I've been having such a blast at my new job that I've been neglecting my blog...
I absolutely love it. It's (minimum) 8 hours of nonstop production of high-end pastries and/or confection. It's what I went to school for. It's what I switched my career for. It's (so far) everything that I've wanted.
I'm getting trained to make pastries for a small pastry shop, named La Bonne Vie ("The good life" in French) located inside the hotel. Every morning shift starts with restocking the store.
Here they are....
Left: Strawberry Mousse Bombes. Strawberry mousse, chocolate mousse, sitting on a disc of almond sucre.Right: Nutella Tart. Almond sucre tart shell filled with ganache, topped with creamy nutella mousse, garnished with a hazelnut.
Lemon Chiffon. Layers of luscious lemon cream on vanilla chiffon, topped with Italian meringue.
This is our most popular pastry.
Fruit Tart. Almond sucre baked with frangipane filling, topped with chocolate pastry cream and a half-moon of vanilla bavarian cream and assorted berries. This one doesn't seem to sell well...
Eclairs.

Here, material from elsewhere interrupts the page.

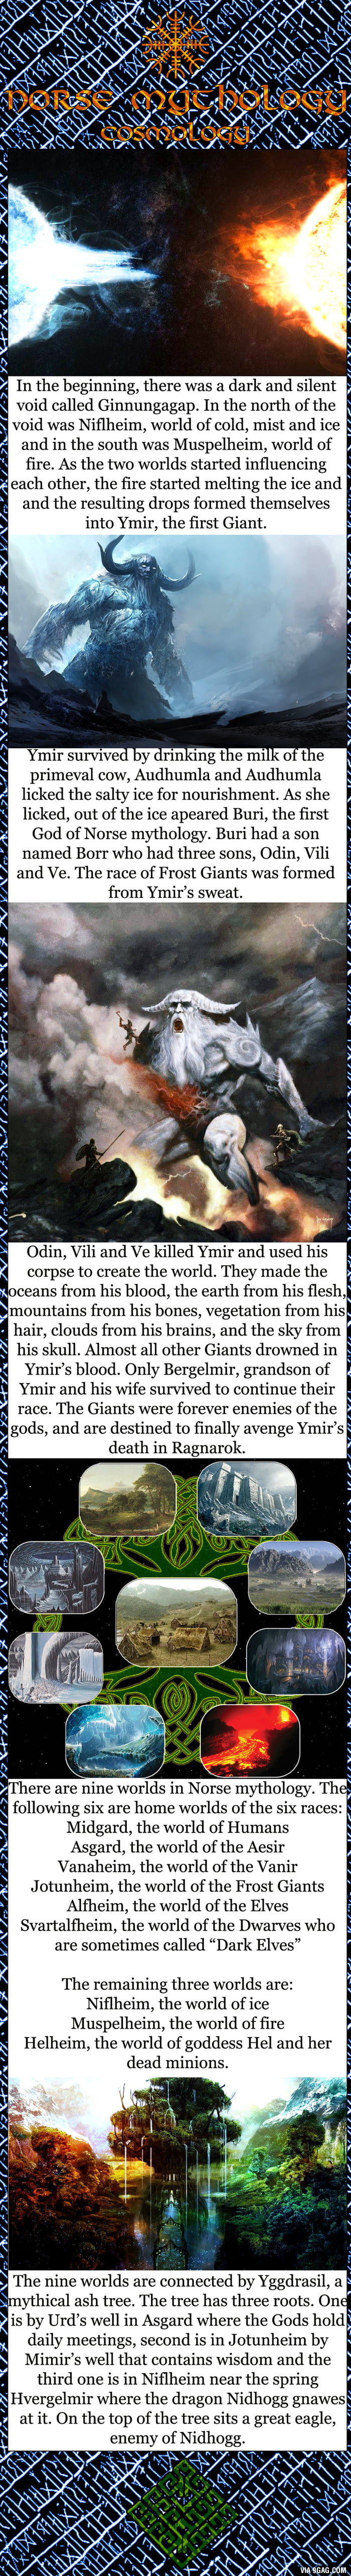 Memes Odin Ice Giants Wwwtollebildcom

Yep, these are eclairs. Definitely much more refined and sophisticated than the (although delicious) giant behemoth of an eclair that I used to make at Pierre's.

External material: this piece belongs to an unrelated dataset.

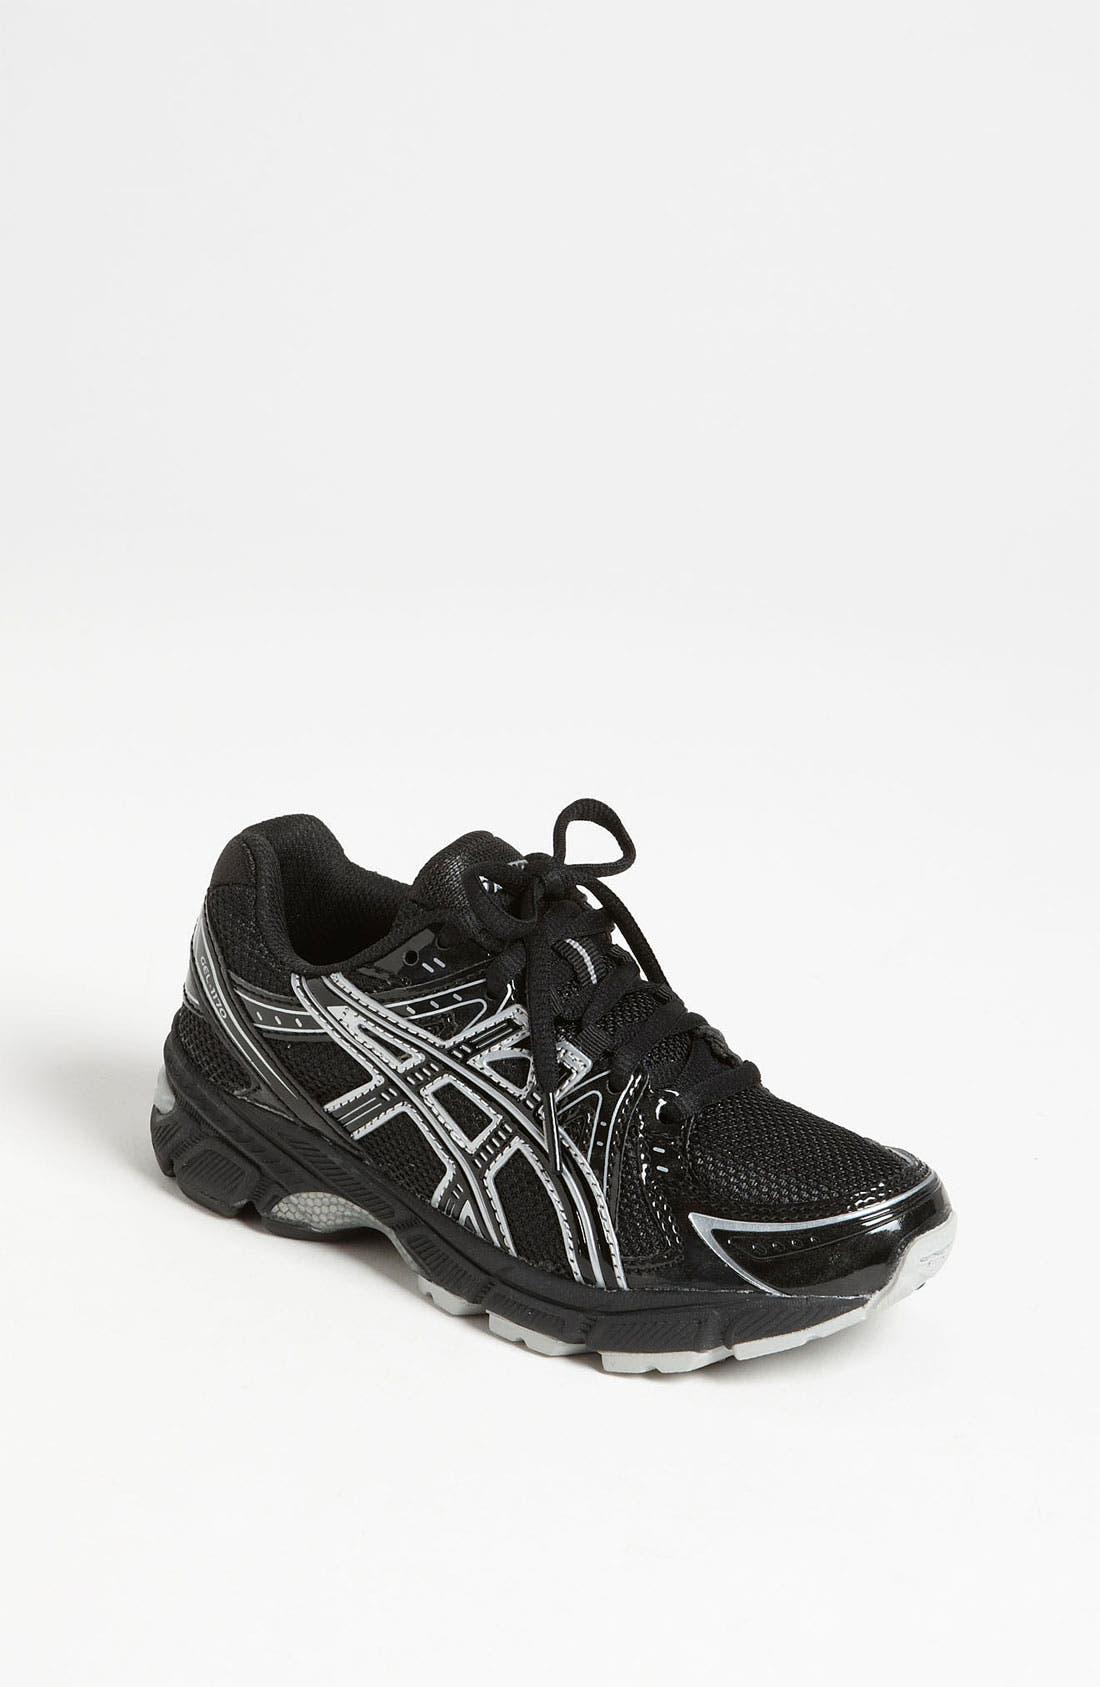 Main Image - ASICS® 'GEL®-1170™' Running Shoe (Little Kid & Big Kid)

Napoleons. Layers of puff pastry and vanilla bavarian, topped with chocolate mousse and chocolate plaque. Garnished with a bit of goldleaf. So pretty!
I'm definitely honing my skills here. My ultimate, personal goal is to become better and better...until I become the BEST. Well, I seriously doubt I'll ever reach Pierre Herme or Jacques Genin status...

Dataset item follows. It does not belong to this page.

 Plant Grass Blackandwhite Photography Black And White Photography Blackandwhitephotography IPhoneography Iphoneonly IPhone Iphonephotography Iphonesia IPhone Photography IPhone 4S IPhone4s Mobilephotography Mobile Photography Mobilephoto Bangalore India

But my reason for wanting to become the best at what I do...is so that whoever eats my pastry will be happy. Every chefs/cooks live for that moment, when someone eats the food that they just prepared, and instantly "melts" in their chair with a look of euphoria on their face. It's for that moment that a chef will toil in the sweltering kitchen for 10 hours--sometimes more. Because knowing that s/he just made someone happy with what they just cooked makes all the hard work worth it. I feel the same way. That's why I want to continue to improve my skills, so I can be certain that whatever I produce are guaranteed to taste good--and thus make people happy.